Example 3 Conjugation of Peptide with Iodoacetamide-PEG Iodoacetamide-PEG (a linear 20 kDa polyethylene glycol chain with iodoacetamide ends, present in a limited amount at weakly alkaline pH, ) Resulted in cysteine modification as an exclusive reaction shown in Scheme 2. Cysteine thiol served as a selectivity point for the binding of iodoacetamide-PEG. The resulting derivative α-sulfahydrylacetamide linkage was achiral.

  To a 15 mL Erlenmeyer flask, 25 mg (5.68 mmol, 1.0 equiv) of the peptide of SEQ ID NO: 1 was added. To the same flask was added 140 mg (6.82 mmol, 1.2 eq, 95% active) PEG-20 iodoacetamide (Lot No. M77592) (manufactured by Nippon, Oil and Fat (NOF) Corp.). 10 mL of water was added and the solution was vortexed until all solids were dissolved. To this cloudy solution was added 50 mL of pyridine at a solution pH of about 8.91. After 2 hours, an aliquot of a 20 mL sample was removed and analyzed by reverse phase HPLC using a Phenomenex C6-phenyl column and 0.1% TFA / acetonitrile as the eluent. The sample showed that the reaction was almost complete after 2 hours (FIG. 1A). The reaction mixture was directly purified by HPLC using a Phenomenex C6 phenyl 10 × 150 mm column. The eluents for purification were 0.1% TFA water and 80% acetonitrile in 0.1% TFA water. Purification was performed in 2-3 mL sample batches (FIG. 1B). The purified fractions were combined and lyophilized in a 50 mL Erlenmeyer flask. The lyophilized solid was diluted with 10 mL water and lyophilized again. Approximately 1 mg of final product was diluted to 1 mg / mL and subjected to mass spectral analysis (FIG. 1C).

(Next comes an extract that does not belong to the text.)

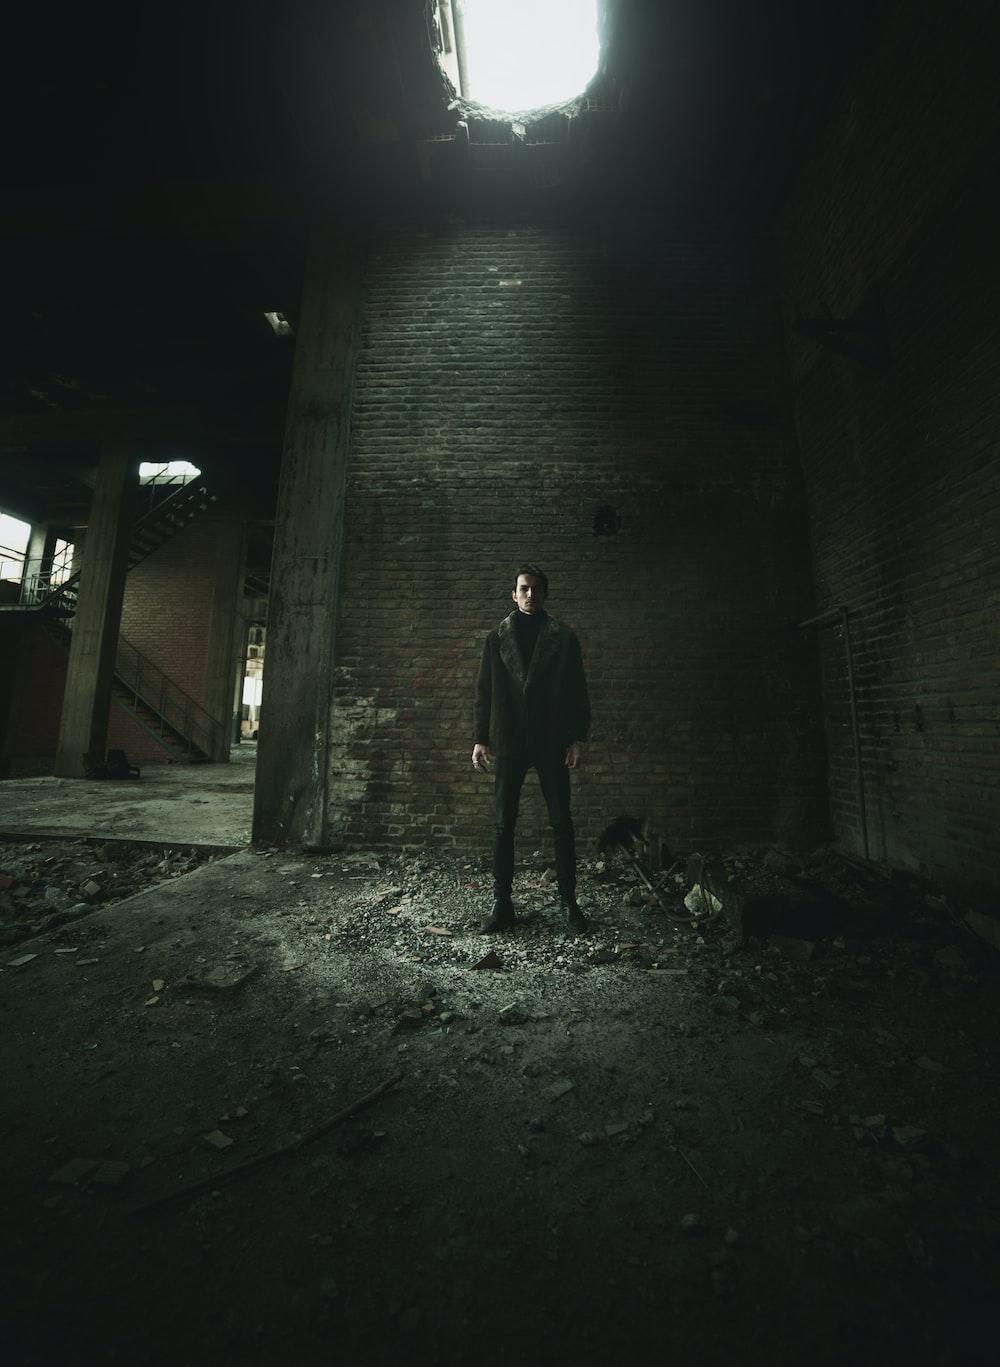 man standing near brick wall

The average weight of the PEGylated compound of SEQ ID NO: 102 was 25,449 daltons, partially due to the heterogeneity of the length of the PEG polymer, and the compound resulted as a white amorphous solid.

Example 4: PEGylation of peptide with N-ethylmaleimide linker In a 2.5 mL polypropylene vial, 2.0 mg (about 0.44 nmol) of peptide was dissolved in 2.5 mL of water and the amounts shown in Table 7 Then, immediately, activated N-ethylmaleimide-derived polyethylene glycols of various molecular weights were added.

  The reaction mixture was gently stirred at room temperature for 2 hours.

  This reaction mixture was subjected to a Summit APS (Dionex (CA, U.S.)) equipped with a Gemini 5u C6-phenyl 10 × 100 mm (110 Å; Phenomenex (CA, USA)) column using the protocol shown in Table 8. S.A.)) Purified by HPLC.

Example 5: CRHR2 and CRHR1 agonist activity-cAMP assay The CRHR2 and CRHR1 agonist activity of the CRH group was determined for SK-N-MC (human neuroblastoma) transfected with either human CRHR2 or human CRHR1. Two cell lines were characterized by adenosine 3 ′, 5′-cyclic monophosphate (cAMP) assay. h-SCP (SEQ ID NO: 1) has the same potency as h-UCN2 (SEQ ID NO: 115) in this assay and was shown to be the most selective CRHR2 agonist in the CRH group (Figure 2). ). The concentration required for 50% of maximum effect (A ₅₀ ) was 0.4 nM.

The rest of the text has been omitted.